Posted on 19 July 2021 by Guest Author

This is a re-post from Yale Climate Connections by Karin Kirk

The United States can achieve net-zero carbon emissions by 2050 while creating half a million new jobs, modernizing the energy infrastructure, and avoiding hundreds of thousands of needless deaths, according to the comprehensive Net Zero America study by researchers at Princeton University.  The study concluded that the price tag for a major energy transition would be no more than the current system costs.

But the results of the Net Zero study are even better than they appear at first glance, because the transition to renewable energy can partly pay for itself, simply because replacing fossil fuels would mean fewer people die from air pollution.

Though the primary motivator in adopting clean energy is to reduce climate-warming greenhouse gas emissions, cleaner air is an enormous co-benefit. Phasing out coal, natural gas, and internal combustion engines has immediate, local, and concrete effects on air quality and human lives.

A recent study found that air pollution from fossil fuels kills 8 million people per year, worldwide. In the U.S. alone, a 2019 study estimated that fossil fuel use causes over 50,000 deaths and $445 billion in economic damage annually. (See also: Burning fossil fuels heats the climate. It also harms public health)

The economic and health burdens of air pollution are borne by individuals, families, and society, not by energy companies. The damage is socially and racially unjust, levying the heaviest toll on those least responsible for causing the problem. The fossil fuel industry’s ability to freely pollute and cause widespread degradation to public health is an example of a generous subsidy, because society bears the costs for oil, gas, and coal’s business model.

Fewer respirators, more solar panels

The Net Zero America report explores how decarbonizing the energy supply would affect jobs, public health, agriculture, and scores of other factors. The report was originally published in December 2020, and an updated, refined version of the study is soon to be released.

Erin Mayfield, a co-author of the study and an associate research scholar at Princeton who studies societal impacts of environmental policy, shared some of the new datasets with YCC. The numbers point to huge benefits of switching to clean energy, in terms of a dramatic reduction in air pollution.

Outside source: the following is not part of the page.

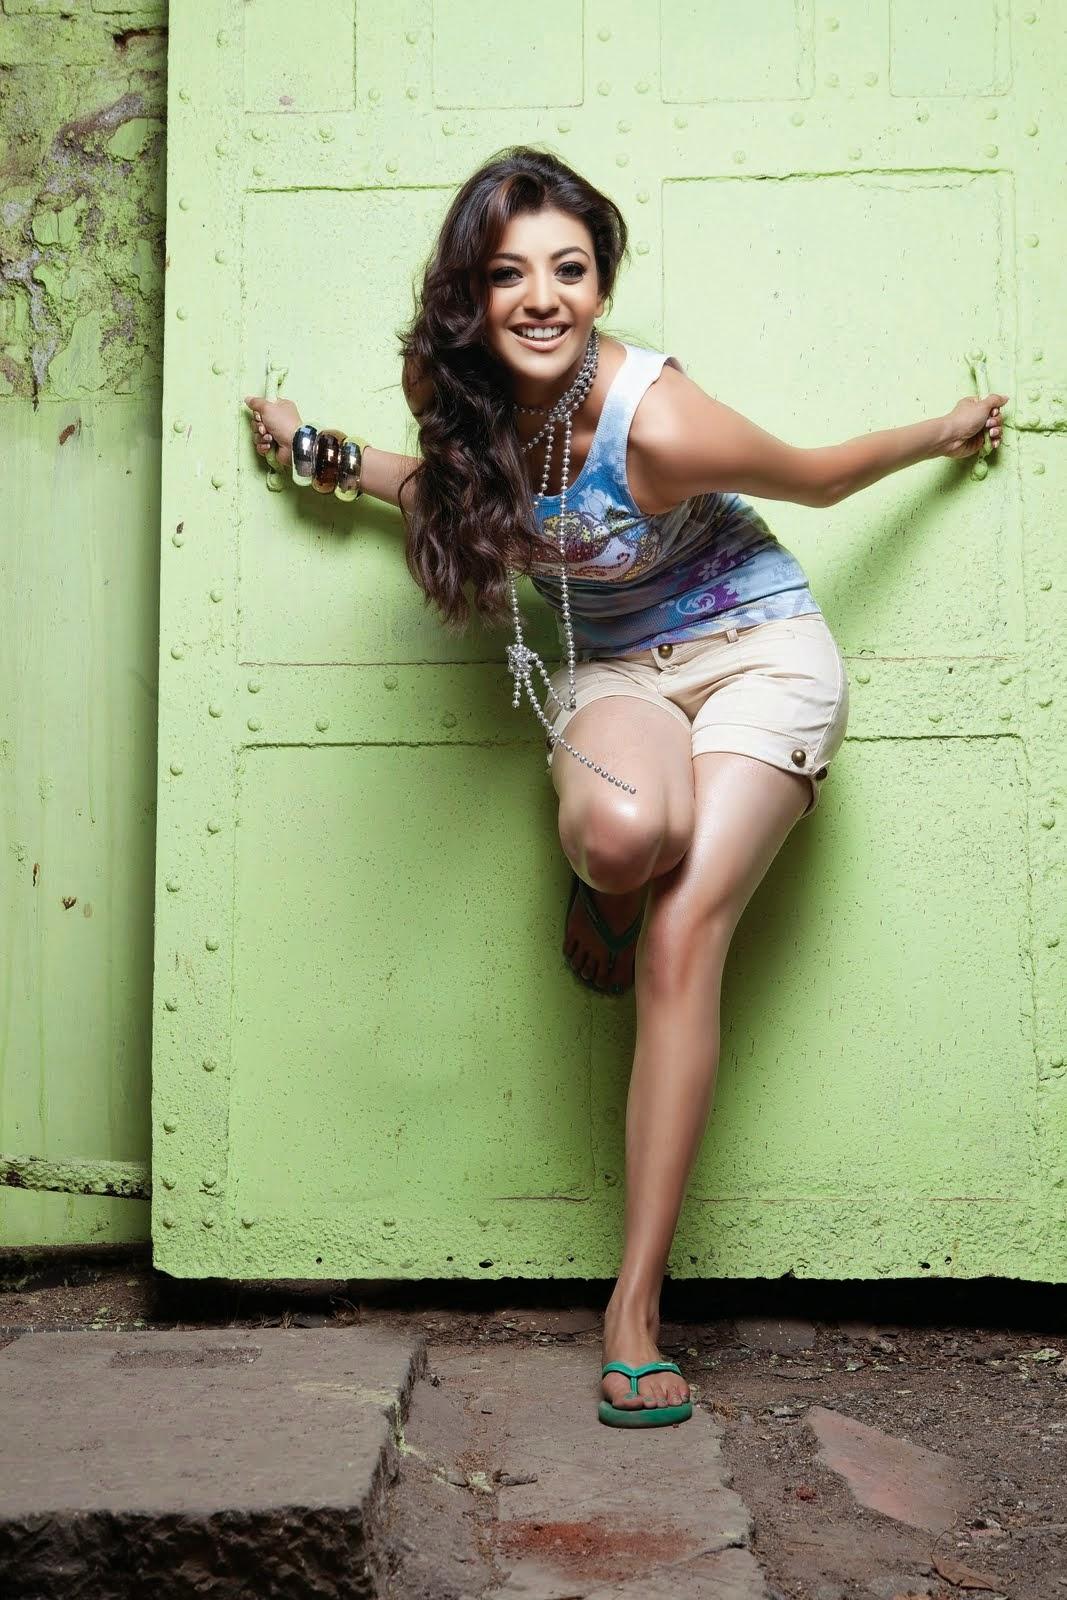 South Indian Actress Kajal Aggarwal Hot Photos and Wallpapers | Hot Images

The study produced several forecasts on improvements in air quality, showing effects of eliminating specific fuels in each of the 48 contiguous states every year from now until 2050. It’s a staggering amount of data, with a lot of good news in the results.

The Net Zero project modeled five possible pathways to decarbonize the energy supply. The scenario labeled E+ is sort of the middle-ground, and it’s the basis for the comparisons that follow.  E+ would phase out most coal by 2030, add massive amounts of renewable energy to the grid, and electrify transportation.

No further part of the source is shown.